Serving the Pacific Northwest with Offices in Vancouver & Portland
At Human Alchemy, PLLC, we believe that employers can maximize customer satisfaction by empowering employees with project ownership, understandable compliance training, and removing barriers to authenticity in order to cultivate the mutual trust needed for creating a breeding ground for innovation and achievement. We help our clients reach for those goals through consultation, policy review/drafting, training, internal investigations, and compliance audits.
Employment Law In Today’s Workplace
The contemporary workplace has become increasingly complicated as businesses must contend with a variety of laws regarding discrimination, harassment, employee compensation, and workplace safety, among others. At the same time, conflicts between employers and employees are not uncommon, often resulting in time-consuming and costly litigation.
At Human Alchemy, PLLC, we provide advice and counsel to businesses in Washington and Oregon on establishing and implementing company policies. In this regard, we work with our clients to design employee handbooks that will ensure compliance with a wide range of employment laws and mitigate the risk of disputes. Additionally, we assist clients with establishing training programs to ensure that all employees understand their obligations under company policies and applicable employment laws. Lastly, we provide internal investigation and audit services to help our clients monitor their organizations’ compliance while ensuring litigation minimization.
Key Elements of an Employee Handbook
Generally, a handbook should start with an introduction, welcoming new employees and explaining the company’s mission statement.
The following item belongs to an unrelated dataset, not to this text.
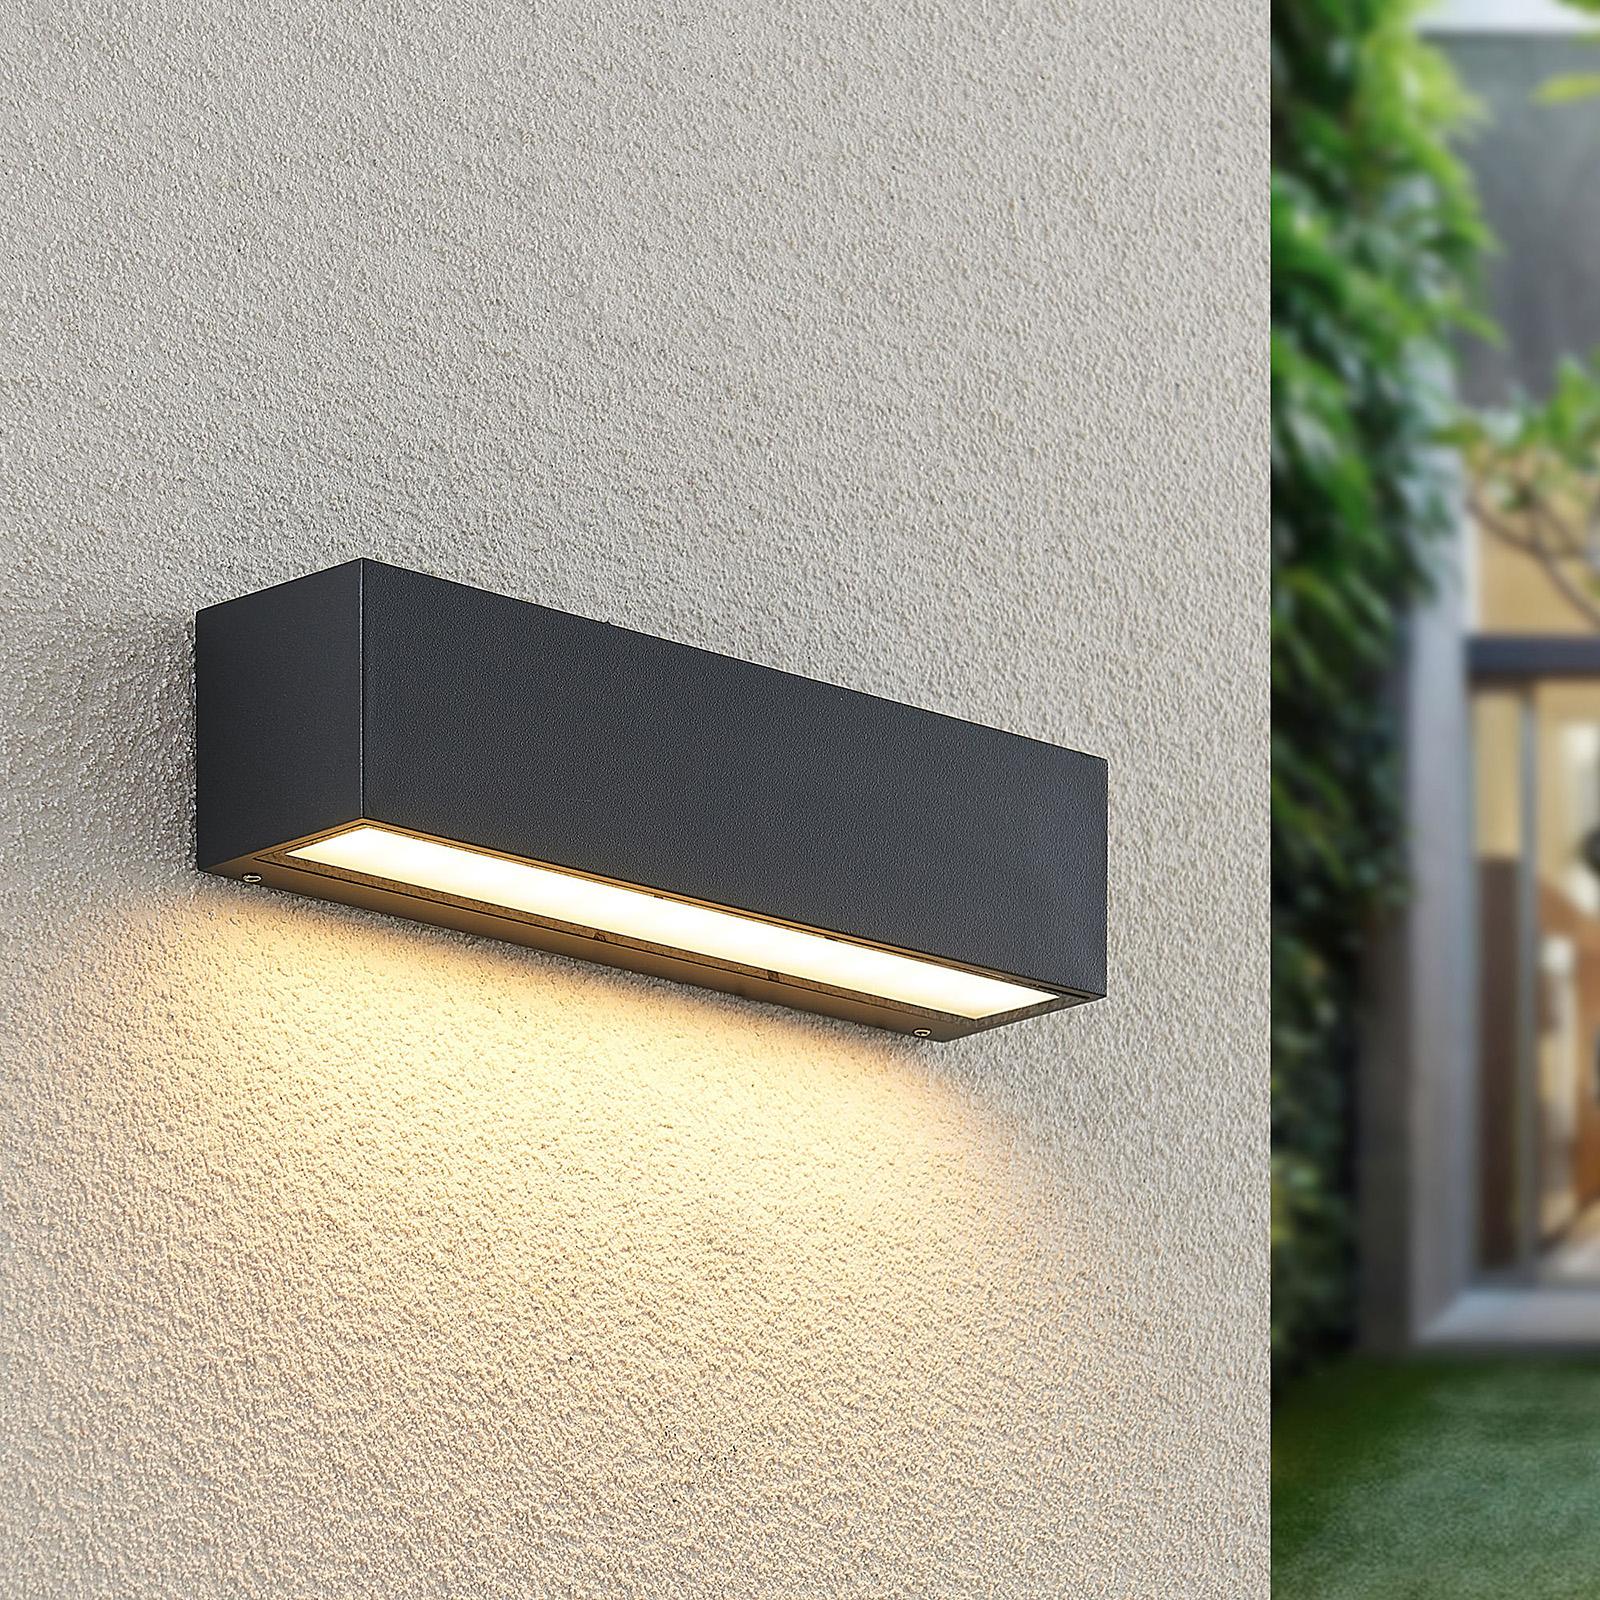 Lucande Lengo LED-Wandlampe, 25 cm, grafit, 1-fl.

It is also important to clarify that the employee handbook does not establish a contractual relationship and that employment at the company is “at-will.” This means that employment can be terminated at any time by either party, with or without reason. From there, the employee handbook should cover the following topics.
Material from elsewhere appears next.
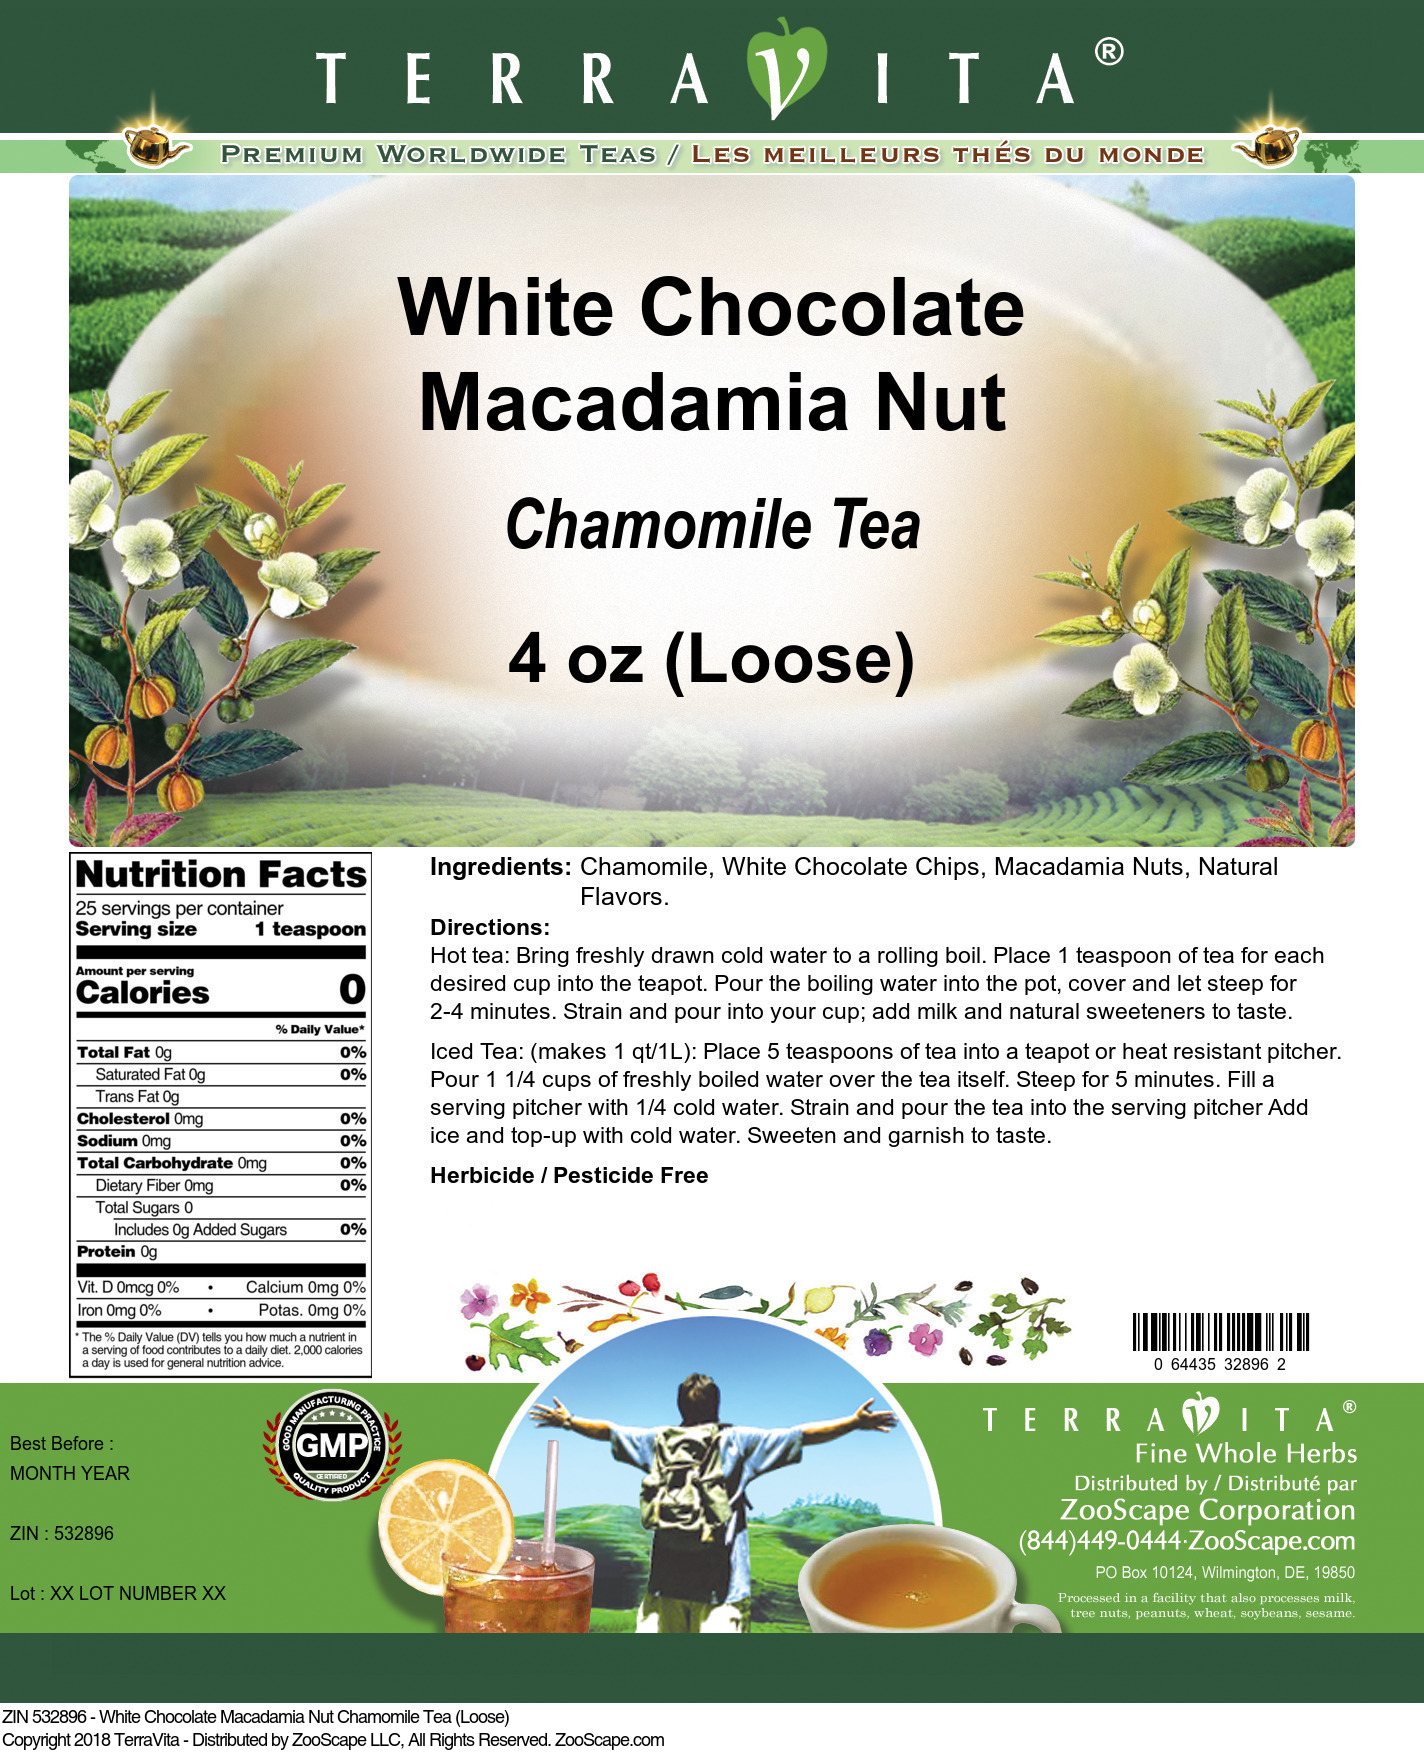 White Chocolate Macadamia Nut Chamomile Tea (Loose)

Businesses are governed by a variety of local, state and federal laws that prohibit discrimination and harassment in the workplace. In short, these laws make it illegal for employers to discriminate on the basis of legally protected characteristics when making decisions regarding hiring, terminating, promoting, demoting, compensating, and any other terms and conditions of employment. Your employee handbook should clearly state that the company is an equal opportunity employer and does not tolerate harassment or discrimination based on any protected characteristic under applicable laws.
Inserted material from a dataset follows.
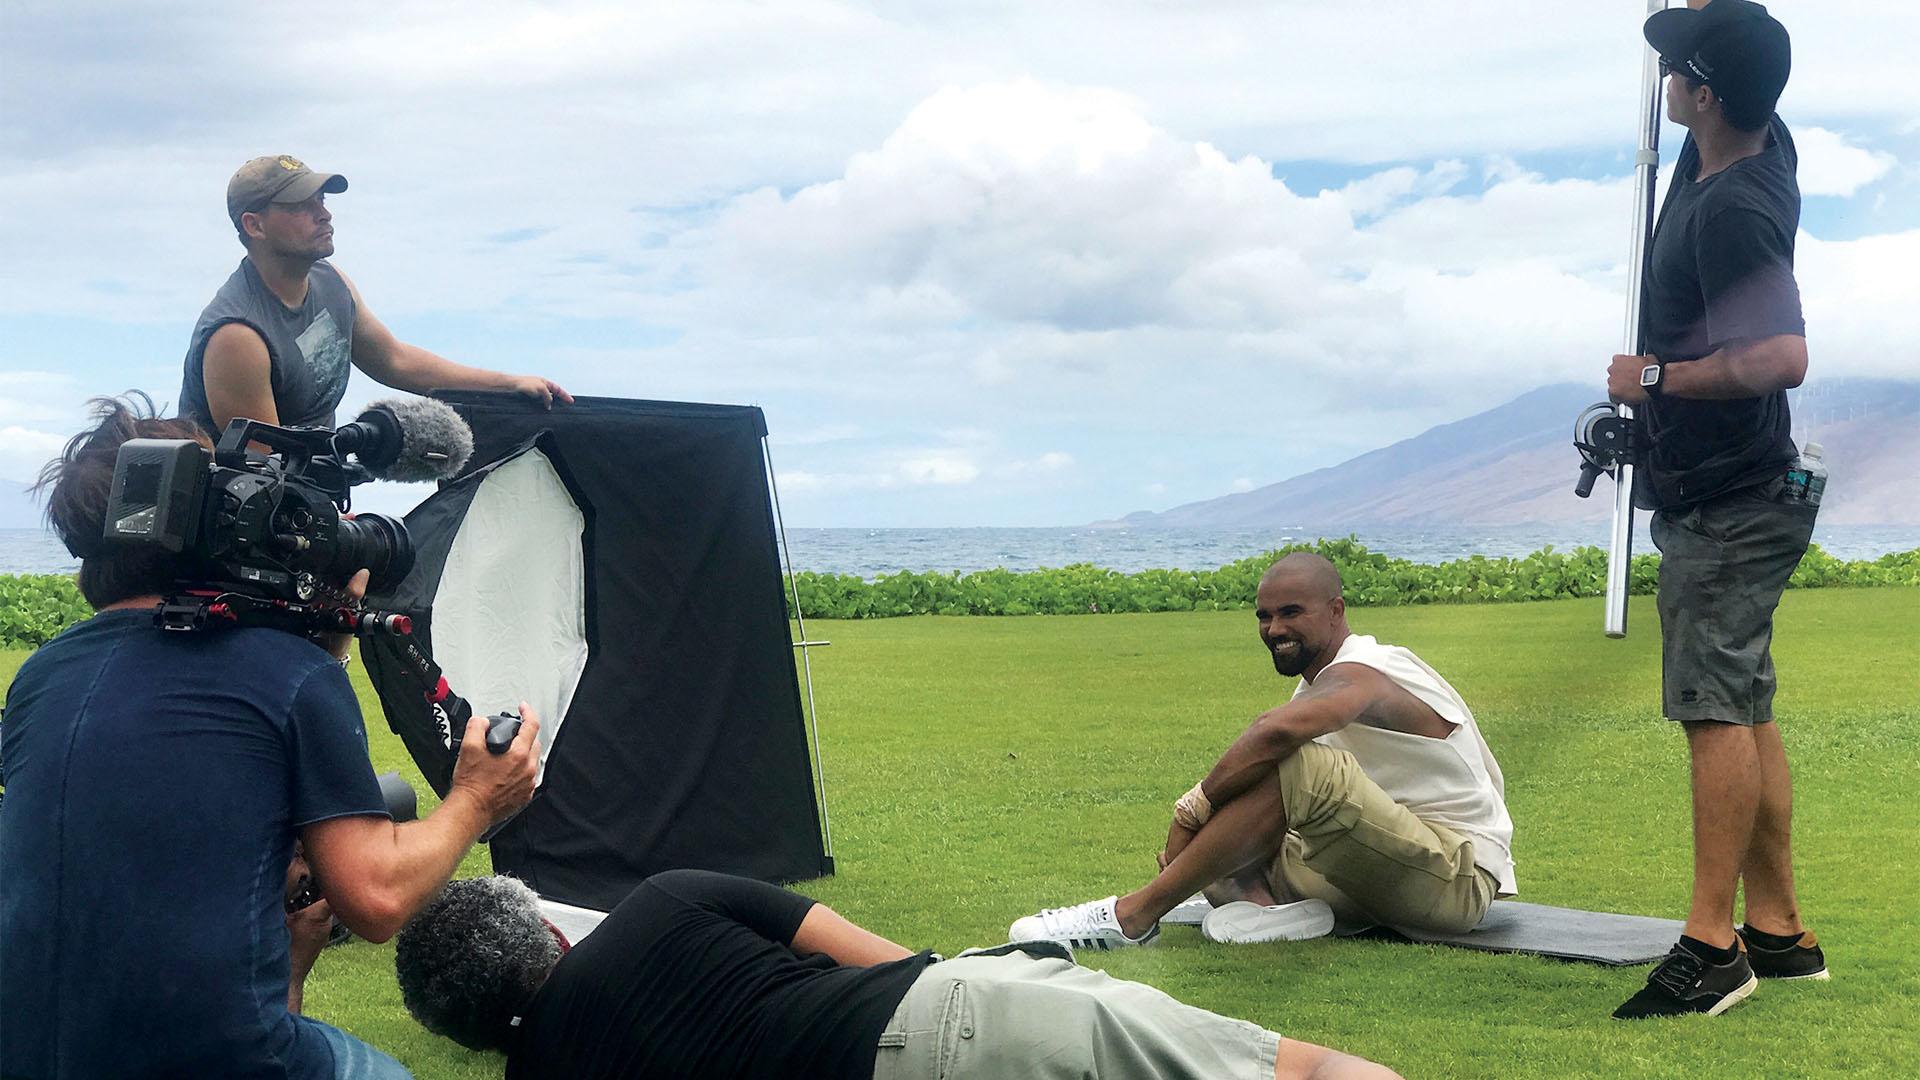 Making the Maui photo magic happen

It is crucial to clearly define how employees are compensated, whether based on an annual salary, hourly wage, or commissions. The compensation policy should also specify a payment cycle: weekly, biweekly, or in the case of salespeople, monthly. It is also important to note how hours are recorded, how taxes are computed and deducted, and whether employees are eligible for overtime pay. Finally, compensation policies must comply with local, state and federal wage and hour laws.
Employees should be notified whether the company offers benefits such as employer-sponsored health insurance, and other perks such as retirement plans (401(k)) and profit-sharing plans (ESOP), bonuses, stock options and the like. The policy should also explain how employees become eligible for such benefits.
The company’s hours of operation, attendance, hours required each day, rest and lunch breaks, and other pertinent information must also be specified. Additionally, employees should be informed when they are eligible for paid time off, such as vacation, personal and sick days, and how this time accrues. Finally, the handbook should state whether the business offers flexible work schedules and telecommuting opportunities.
Employee Conduct/Disciplinary Matters
It is essential to establish guidelines for how employees are expected to conduct themselves in the workplace. In particular, policies regarding tardiness, absenteeism, misuse of email, internet, and company equipment should be spelled out, as well as key issues such as employment discrimination and sexual harassment. It is also important to notify employees that the workplace is an alcohol/drug-free environment.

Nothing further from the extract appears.